GAME REVIEW: Megaman 10!!!

 megaman10

I’ve been playing Megaman since right before it became cool. In fact I attribute a great deal of its success due to the fact that I gave it the green light— I’m not bragging, it’s just the way it is. I followed the series progression all the way up to Megaman 8. A great game for Playstation, that not only included animated scenes, but also the robot masters were given awesome voices. All the while maintaining the classic Megaman gameplay. This is what I would call, a step in the right direction.

Then Megaman 9 came out… And now Megaman 10…

Yeah!… Finally!… Just what we needed another 8-bit side scroller. Why did I even need to buy a next-gen system? I can have just as much fun playing games that were designed for the NES. A system that came out over twenty years ago. So thanks Capcom for forgetting to add graphics… again— If you couldn’t tell I’m being sarcastic. I mean it’s the year 2010 for Christ sake, give us a gun that makes enemy’s explode into something better than white pixels.

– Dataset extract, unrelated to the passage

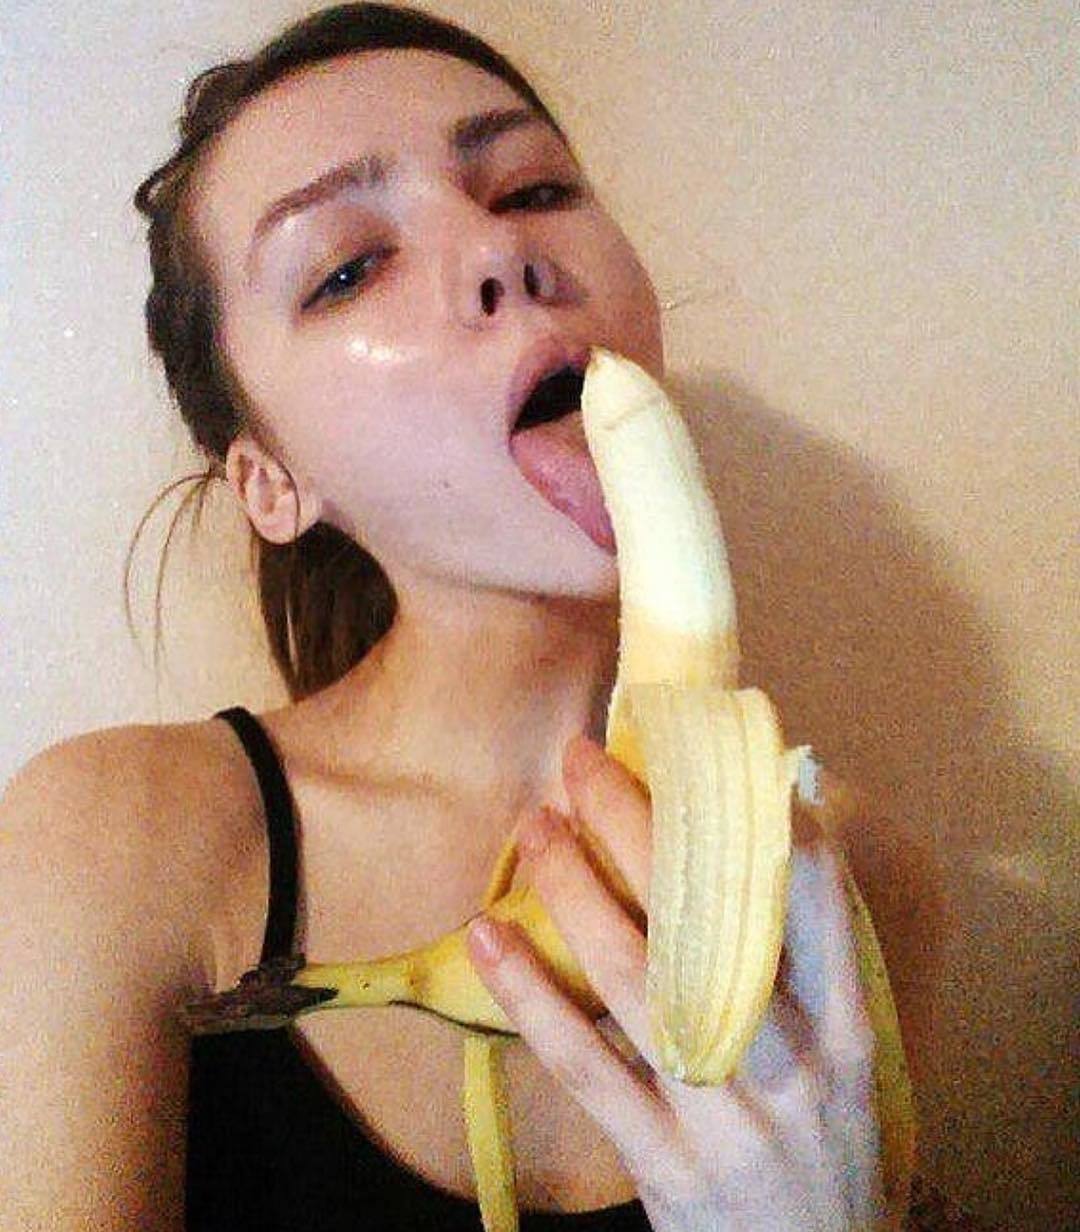 Селфи с бананом во рту
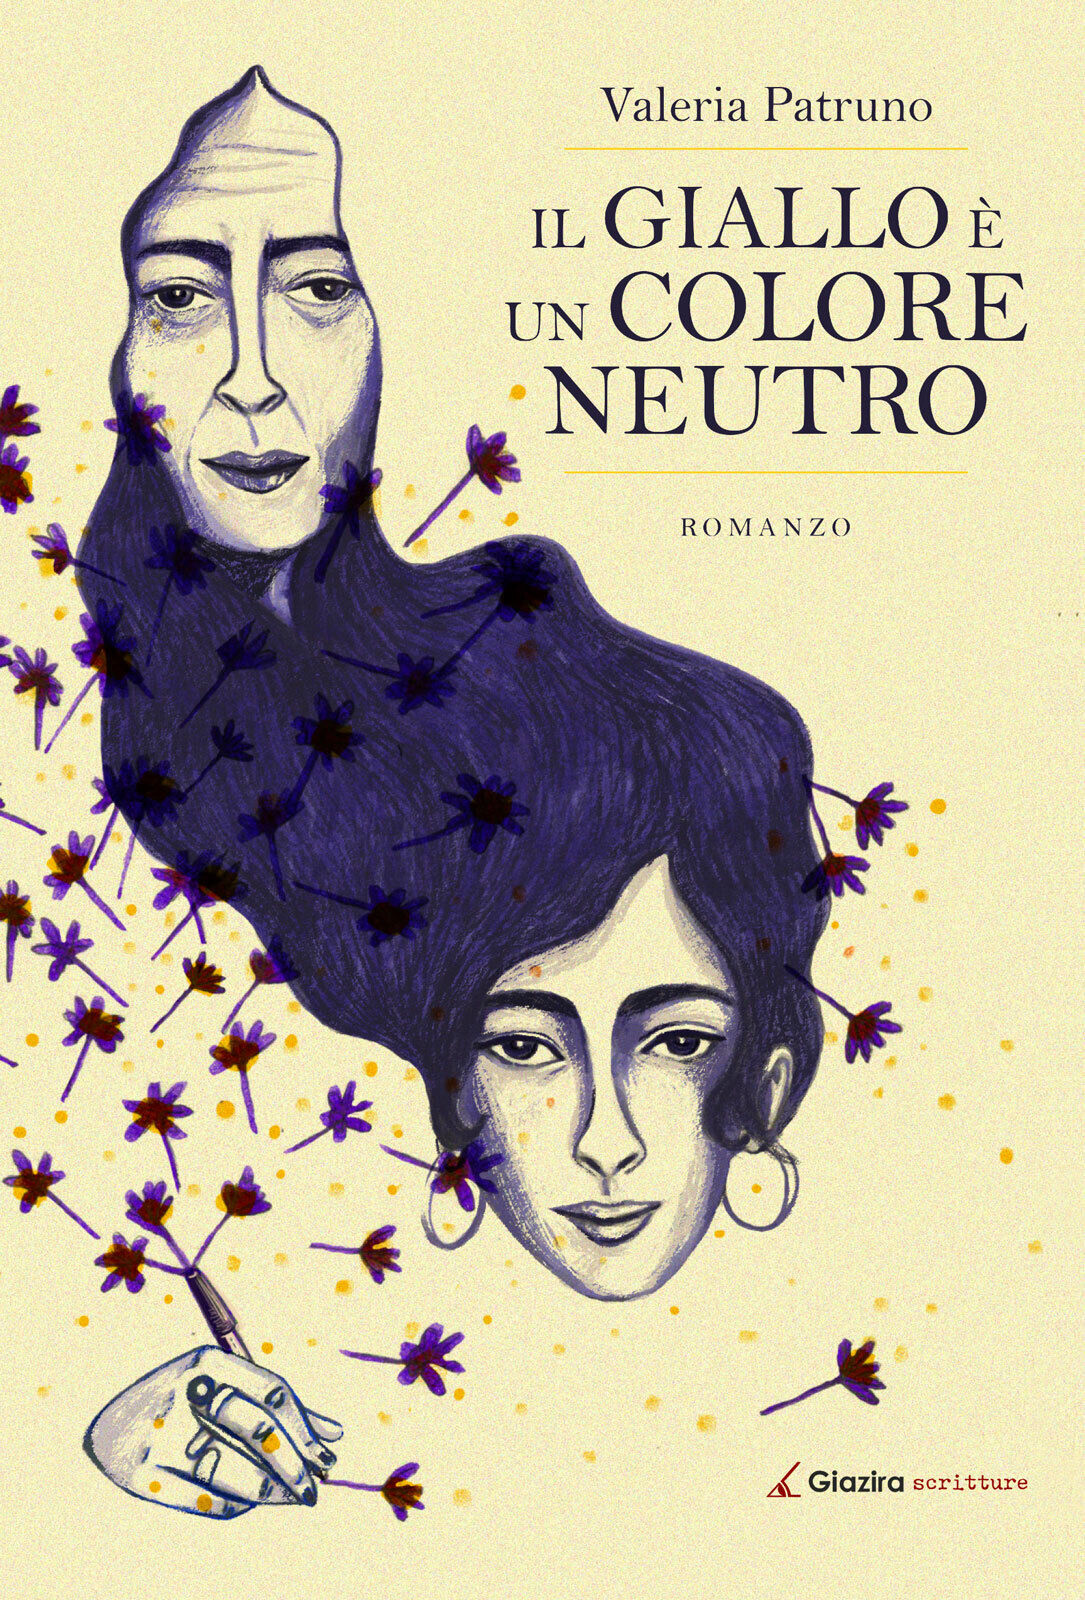 Il giallo ? un colore neutro - Valeria Patruno - Giazira - 2020

I’m one of the unfortunate robots that accidentally paid for this piece of crap, and I don’t know what I hate the most about it. Was it the stupid robot bosses? Such as Sheep Man, a fluffy ball robot that turns into a storm cloud?

Or maybe what I hated the most was the stupid selection of weapons? For example: Ice Spike. A weapon that ejects a small amount of ooze out of your Megaman arm cannon, and literally drips onto the floor in front of you. The worst part of this stupid weapon is that you can only shoot one at a time, and I estimate it takes 5 seconds to dissolve.

The actual stages leading to the bosses seemed to be put together fine, what was stupid about them was the gimmicks each of them had. For instance, in all the Megaman games they implement platforms with pits in between and if you fall into them, you die. A really basic concept that has worked since Megaman’s inception. But in Megaman 10, (Commando Man’s stage in specific) they felt that wasn’t good enough. They said, let’s add a never ending supply of enemies that jump out of the pits whenever Megaman goes near, but not only that, let’s also add sporadic bursts of a sandstorm that completely block the players field of vision, while moving Megaman willy nilly all over the screen.

At least in Megaman 9 there was some challenge, now in Megaman 10 they added an easy mode for gamers that happen to be pussies. (I only ran through easy mode for review purposes.) And if you don’t believe me about making the game for pussies, in Megaman 10, doctor Wily drives a pirate ship. Literally. Then, rather than having to fight three forms in a row after you beat the first two forms of him, he runs away, you go through a level that doesn’t have enemies, they refill your life, and then you fight the final form that’s weakness is the common Pbuster.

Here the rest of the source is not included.